Meltdown and Spectre Patches May Increase CPU Load [Initial Findings]
With the OS and hypervisor patches for Meltdown (CVE-2017-5754) having been released and the OS, hypervisor, and firmware patches for Spectre (CVE-2017-5715 and CVE-2017-5753) in some partial state of release depending on vendor, there have been many questions about the performance implications of updating. Because there’s low-level interaction at play for Meltdown and Spectre patches, the net result will depend significantly on factors like workload (e.g. what is it that users are actually doing), CPU architecture, OS version, hypervisor version, hardware characteristics, and so on. This means that it’s essential to have a method of benchmarking (and in some cases predicting) what the net impact may be. We’ve undertaken some initial testing to try and give some indicative guidance but, as always, this may not be reflective of your experience depending on your unique setup.
Clearly there are a wild number of variables at play in this, but for starters, we chose to begin with VDI workloads as our impression was that these (along with other shared CPU scenarios) would be the most likely to see the significant aggregate impact. While we might not be able to validate all scenarios in-house, we will attempt to benchmark common scenarios with more universal workloads, and we’ll especially focus on slightly older hardware to make it more relevant to where many enterprise customers are likely to be in their product cycle for supporting servers. Additionally, we will be posting more details on the discrete/physical workstation case when there’s more information to be drawn from the SysTrack Community.
The following is a short summary of our findings around performance impacts of Meltdown and Spectre patches on VDI workloads. You can also listen to the Lifeguard IT podcast for more background on Meltdown and Spectre. The discussion of our CPU impact findings starts at 6:40. The episode is also available on iTunes/Apple Podcasts and Google Play.

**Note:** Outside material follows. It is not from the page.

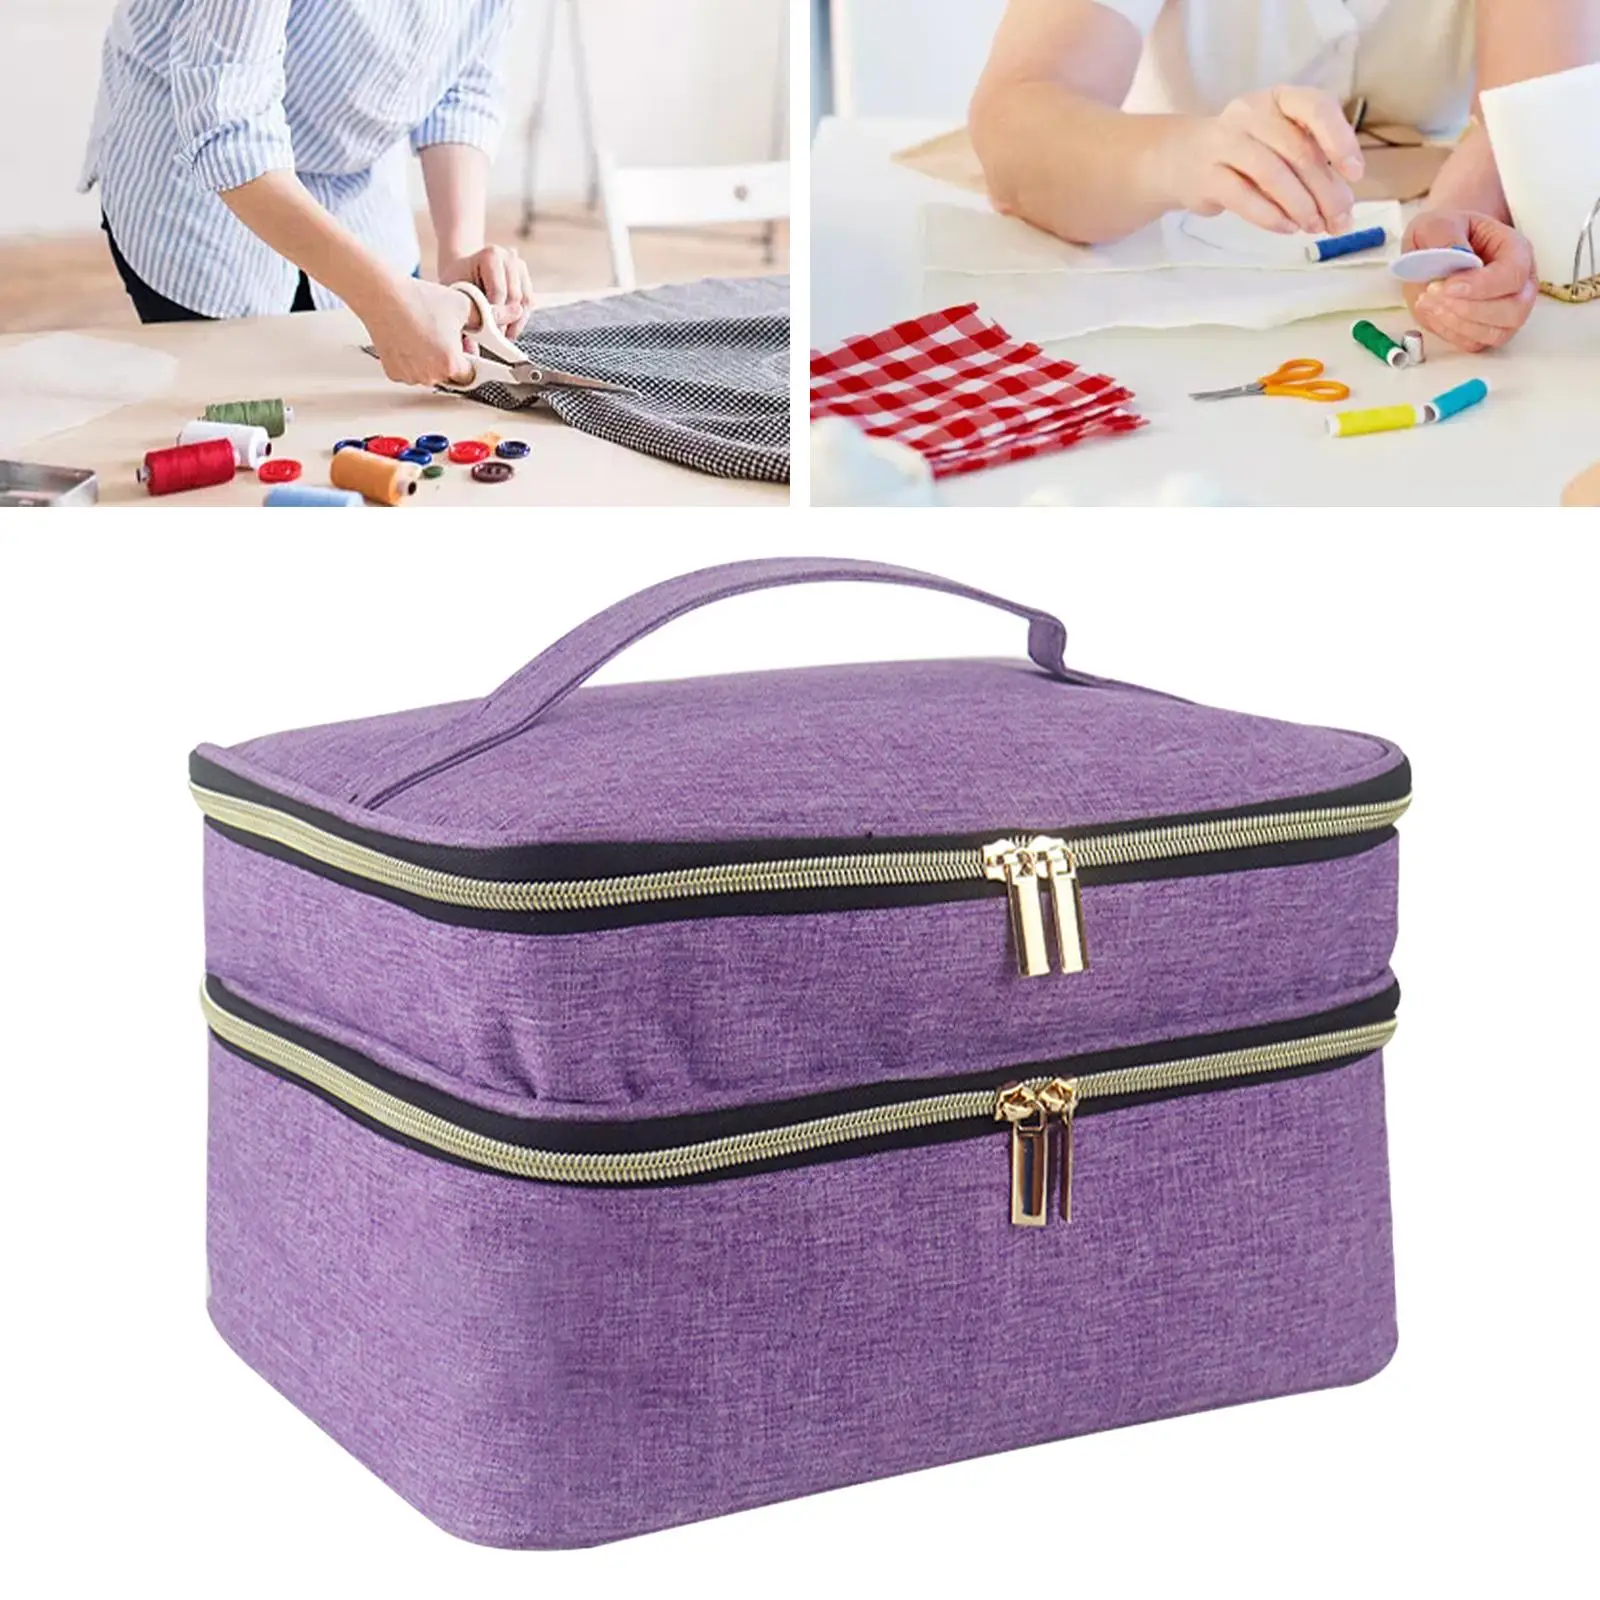 Sewing Storage Organizer Large Capacity Sewing Supplies Organiser Organizer Case for Travel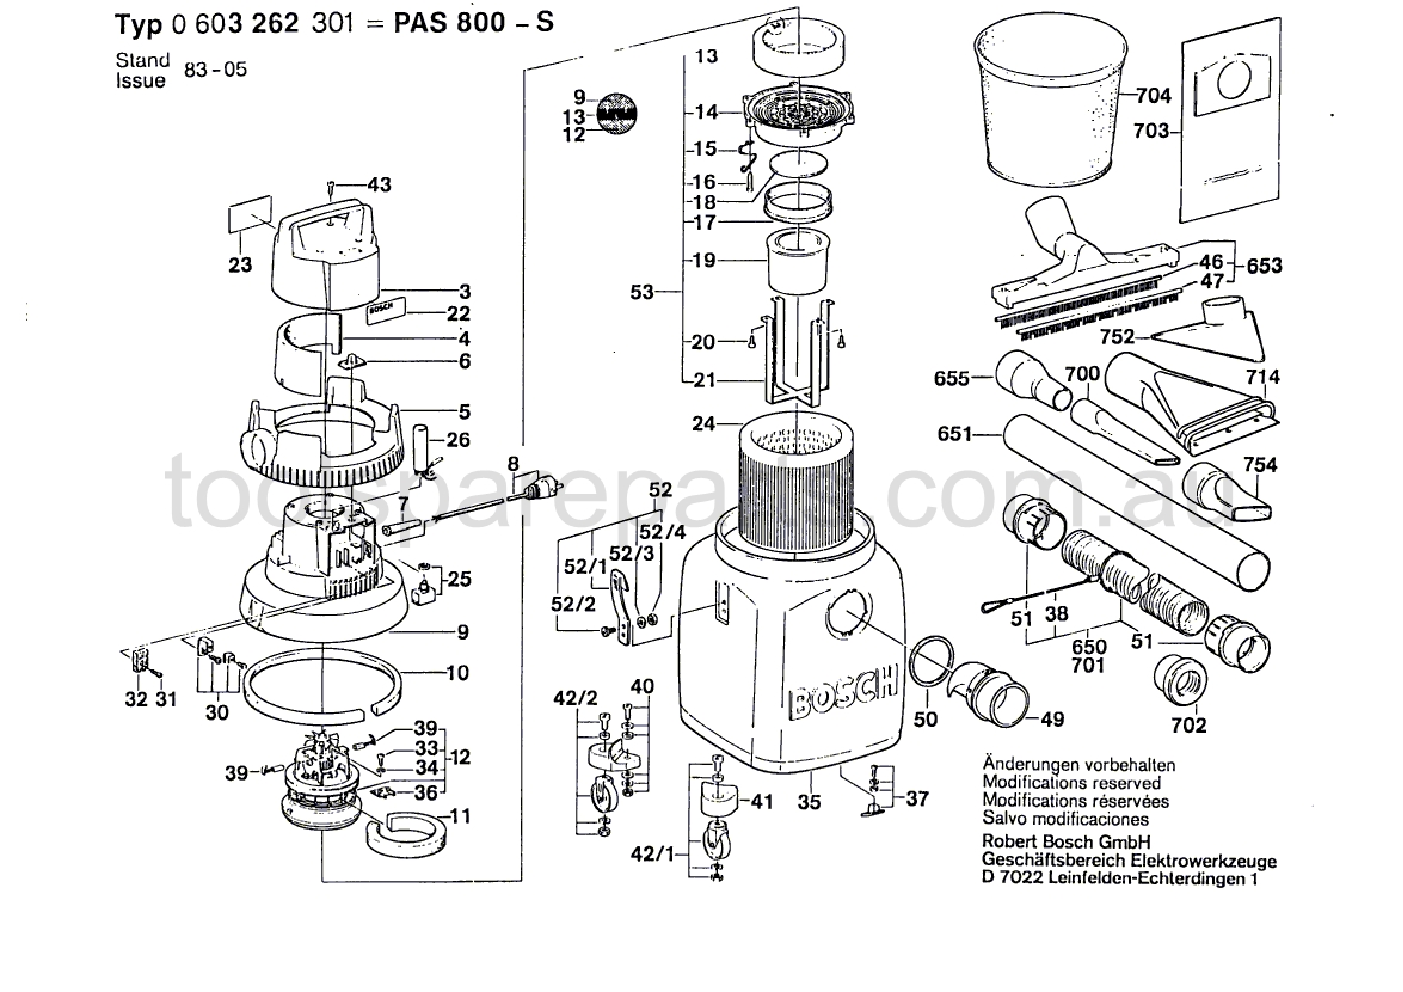 Bosch PAS 800-S 0603262301  Diagram 1

|Patch Tested||Meltdown ONLY|
|Hypervisor||VMware ESXi, 6.0.0, 6921384|
|Guest OS||Windows 10, build 15063|
|CPU||Intel(R) Xeon(R) CPU E5-2670 v2 @ 2.50GHz|
|Disk||SSD local storage|
To try and make our workload generally representative of what normal enterprise activity would look like for more of a task-based worker (restricted to mostly browser based and basic Office product usage), we restricted our artificial load to Internet Explorer, Microsoft Word, Outlook, and Excel. Quick shout-out to Login VSI for providing the framework for the synthetic transactions.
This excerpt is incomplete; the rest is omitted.